Based on and fully compatible with the extremely popular SMILES line notation, BigSMILES is a user-friendly, human-readable text-based notation for encoding polymers as random graphs that will be transformative in machine learning applications and polymer informatics. However, a single polymer can have many BigSMILES representations, which makes tasks like searching polymers by string difficult. We introduce two algorithms to canonicalize BigSMILES into a single unique string representation. In the first algorithm, the user writes BigSMILES repeat units according to the monomers from which they are derived, and the output is a BigSMILES string that is human readable.
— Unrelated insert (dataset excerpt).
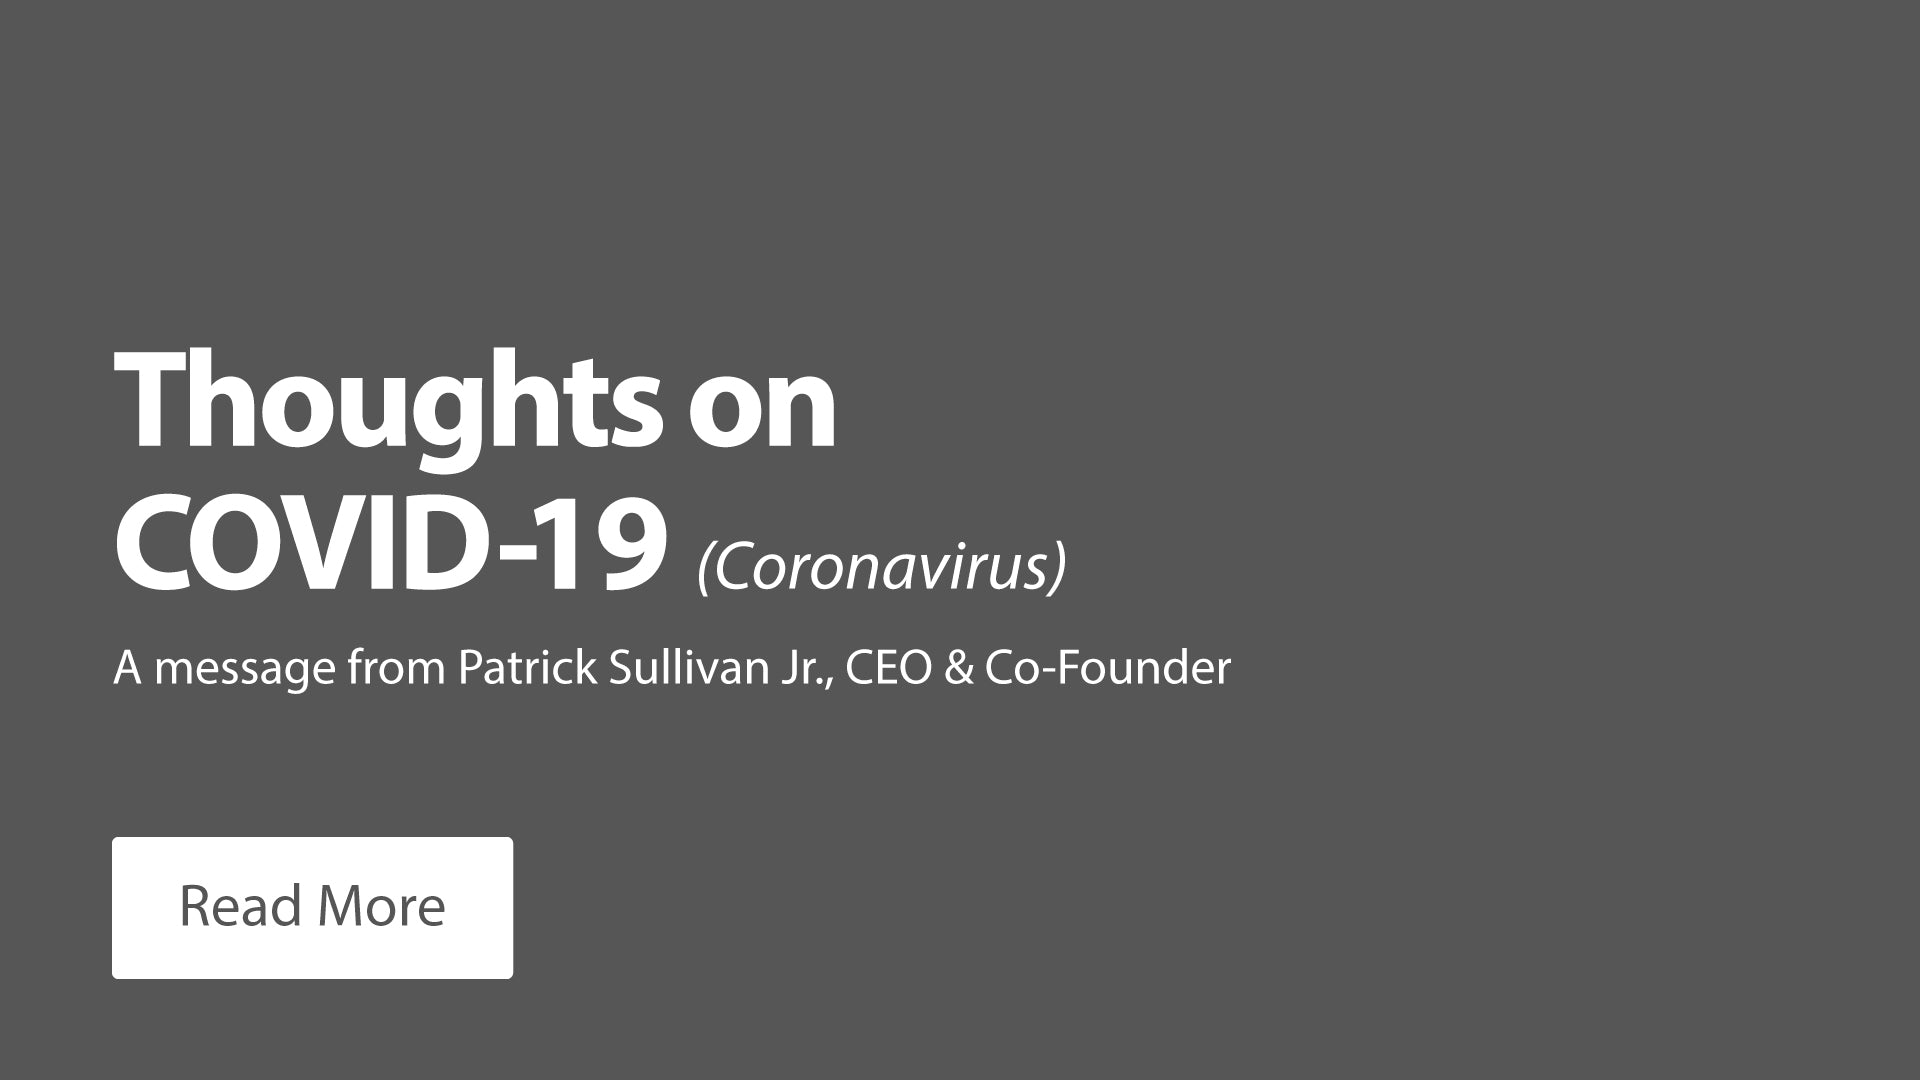 Thoughts on the COVID-19 (Coronavirus) from the CEO of a Nutritional Supplement Company

The second algorithm does not depend on the choice of repeat units but rather the connectivity of the polymer: we propose that any linear polymer ensemble is a regular language as defined in computer science, and an abstract model of machines called finite automaton can describe that ensemble. Using algorithms in automata theory, an automaton with the fewest number of states can be derived, thus providing a means of canonicalizing a BigSMILES. These algorithms will be impactful in enabling chemists to search polymer structures in databases using strings. Moreover, using the conceptual advance of polymers as state machines, these stochastic graph representations can also be used in machine learning applications in polymer informatics, connecting structure to property.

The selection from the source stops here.